Variété de constructions grammaticales, bien que les
structures soient souvent combinées d'une manière
chaotique et qu’il y ait de mauvais choix dans l'usage
des mots fonctionnels et des morphèmes liés
(paragrammatismes).
Dans les cas extrêmes, la combinaison du
paragrammatisme et de la paraphasie résulte en un
jargon inintelligible.
Beaucoup de patients semblent inconscients de leurs
troubles (anosognosie) au moins à l'état aigu.
A l'état aigu aussi, beaucoup de patients montrent un
désordre de compréhension sévère.
Chez certains, la compréhension est récupérée plus
rapidement que le déficit de production, ce qui fait que
beaucoup d'auteurs ne considèrent pas le déficit sévère
de compréhension comme une caractéristique du
syndrome.
Aphasie transcorticale sensorielle:
lésion entre le traitement phonologique et le traitement
conceptuel —> mauvaise compréhension mais
(contrairement à Wernicke) capacité de répétition
Aphasie transcorticale motrice:
lésion entre le système conceptuel et l’aire de Broca —
> bonne compréhension mais (contrairement à Broca)
bonne répétition
Répétition
Une mauvaise répétition est généralement associée à une
lésion de la région périsylvienne gauche.
La répétition est affectée dans l’aphasie de conduction
mais préservée dans les aphasies transcorticales.

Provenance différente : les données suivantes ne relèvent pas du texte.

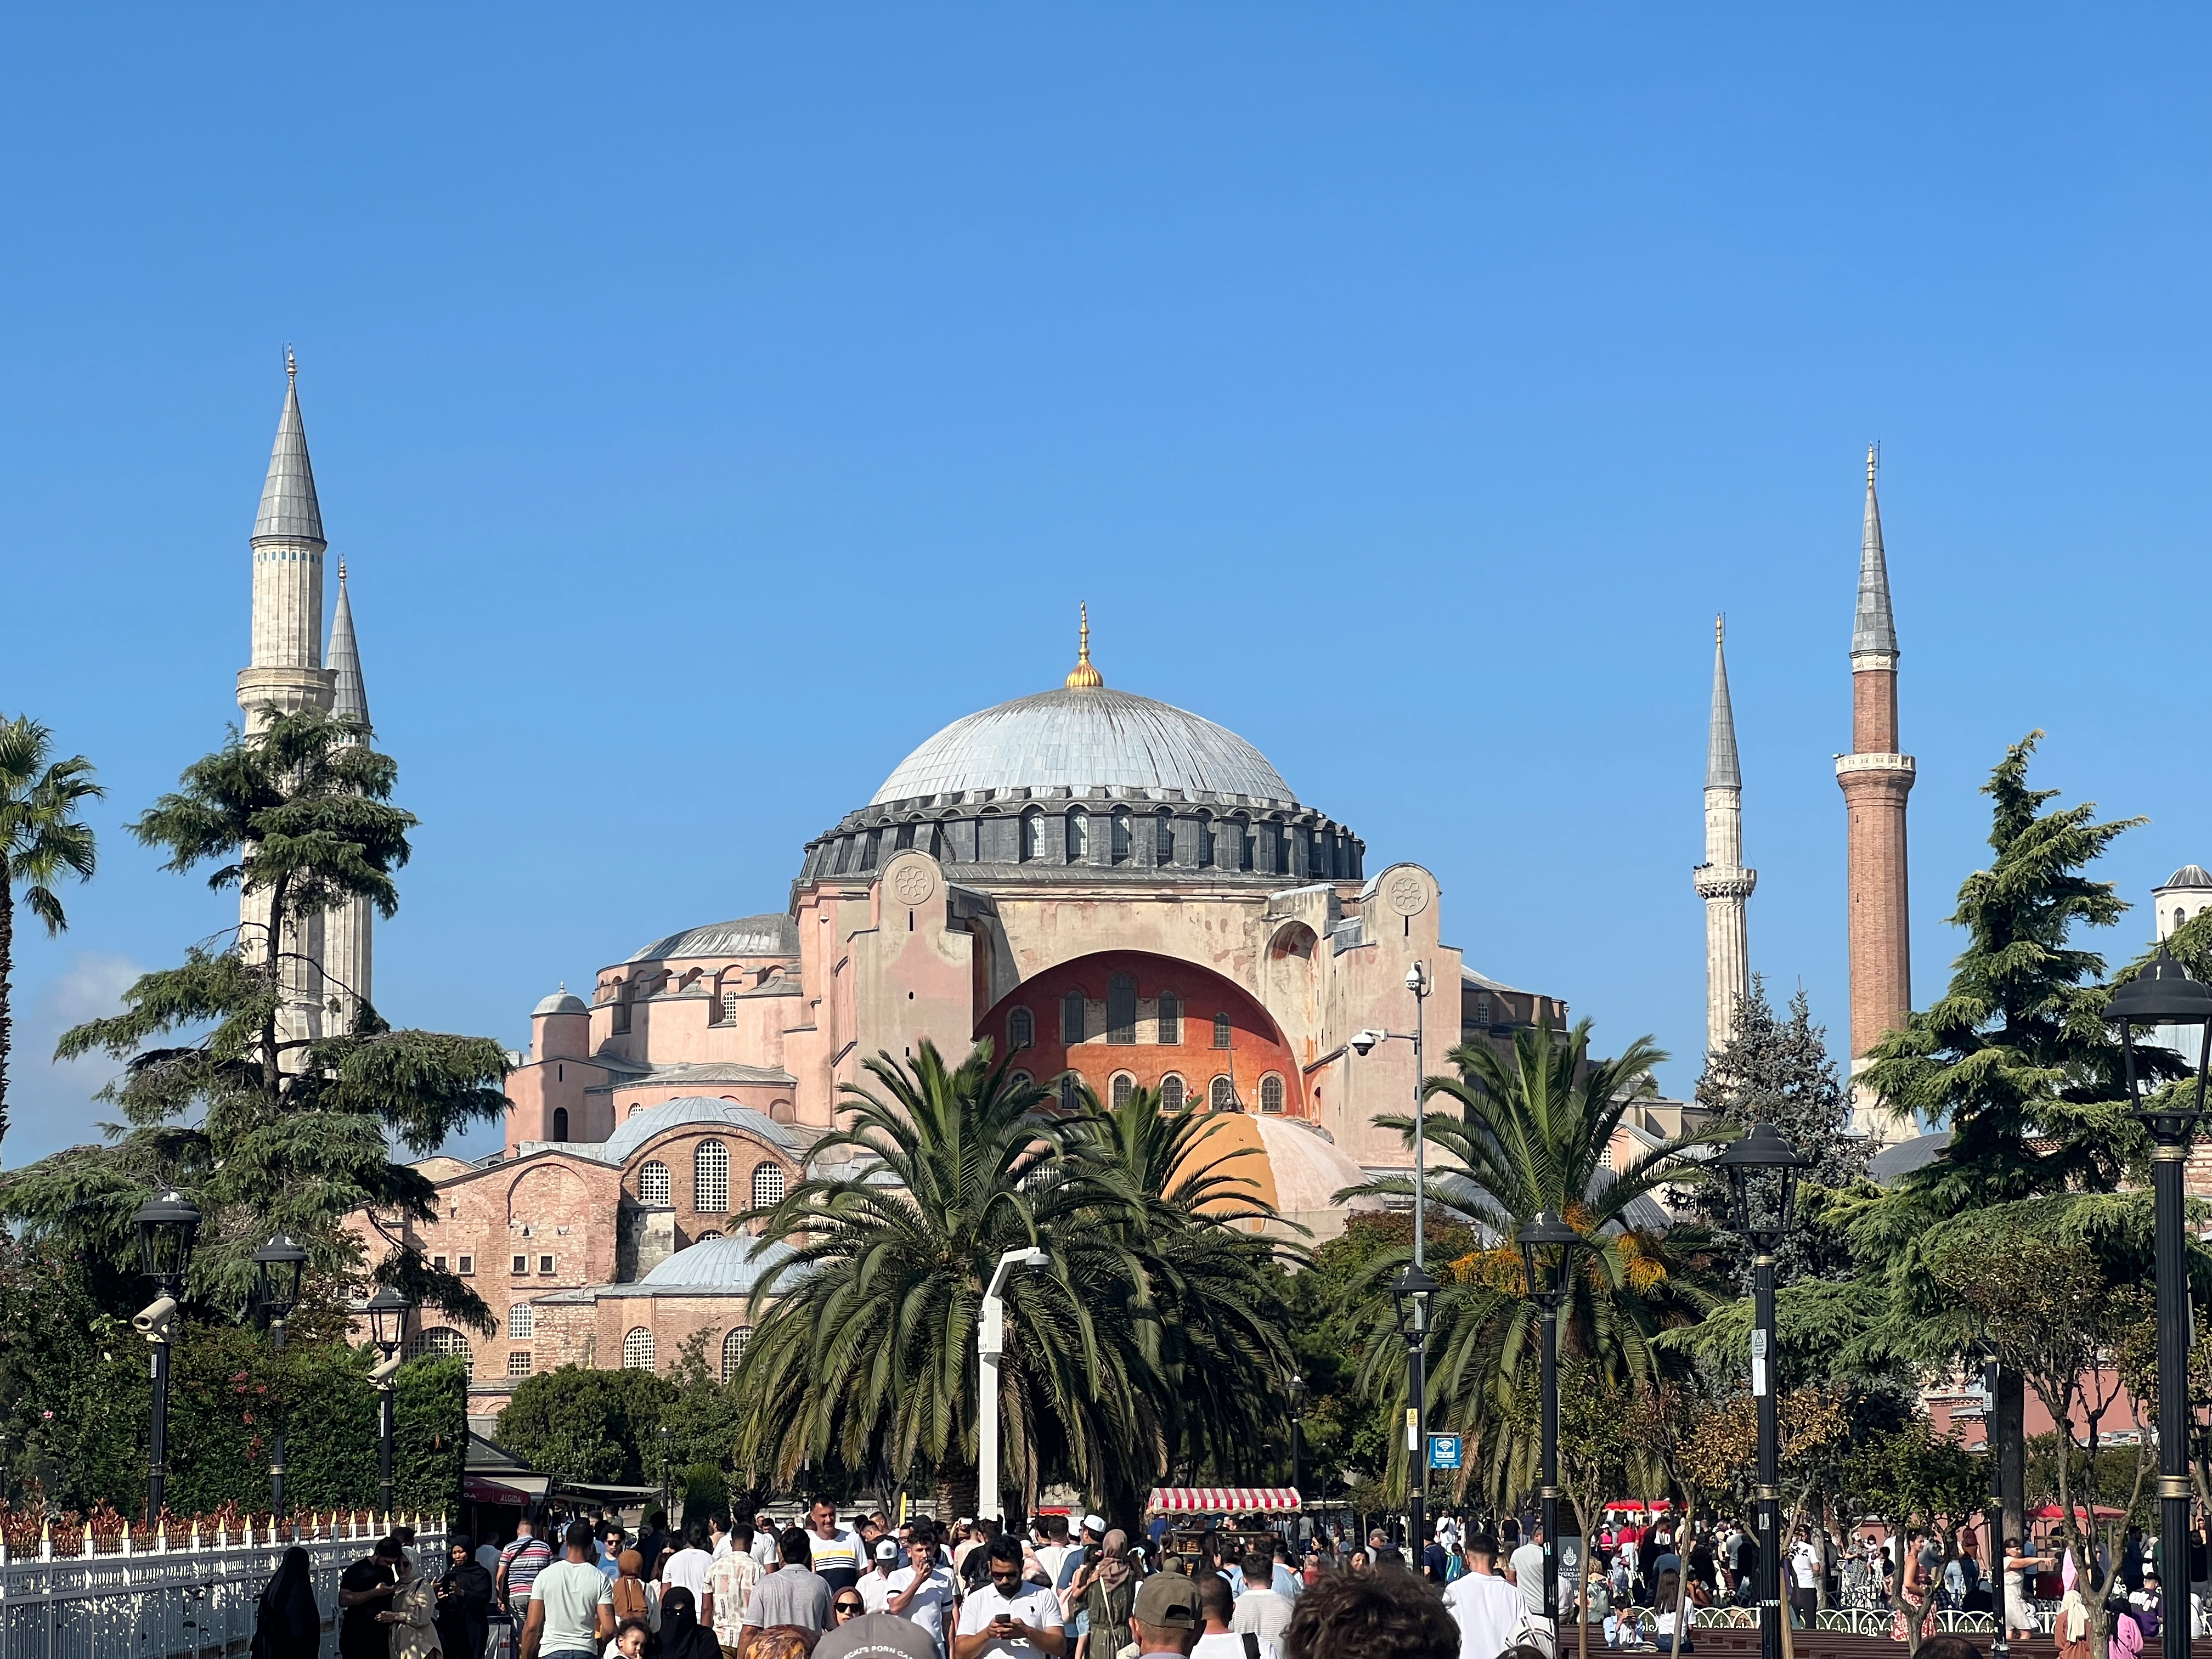 View of the Hagia Sophia

L'aphasie de conduction est classiquement associée à une
lésion des fibres arquées qui transmettent l'analyse de la
parole de l'aire de Wernicke à l'aire de Broca (où se
trouvent les représentations motrices).
Le déficit de la répétition dans l’aphasie de conduction
résulterait de l'absence de transmission de l'information
auditive ou phonologique décodée dans l'analyseur de la
parole situé dans la région postérieure vers la région
antérieure où se fait l'encodage (Albert, Goodglass, Helm,
Rubens & Alexander, 1981).
L'information transmise serait donc phonologique.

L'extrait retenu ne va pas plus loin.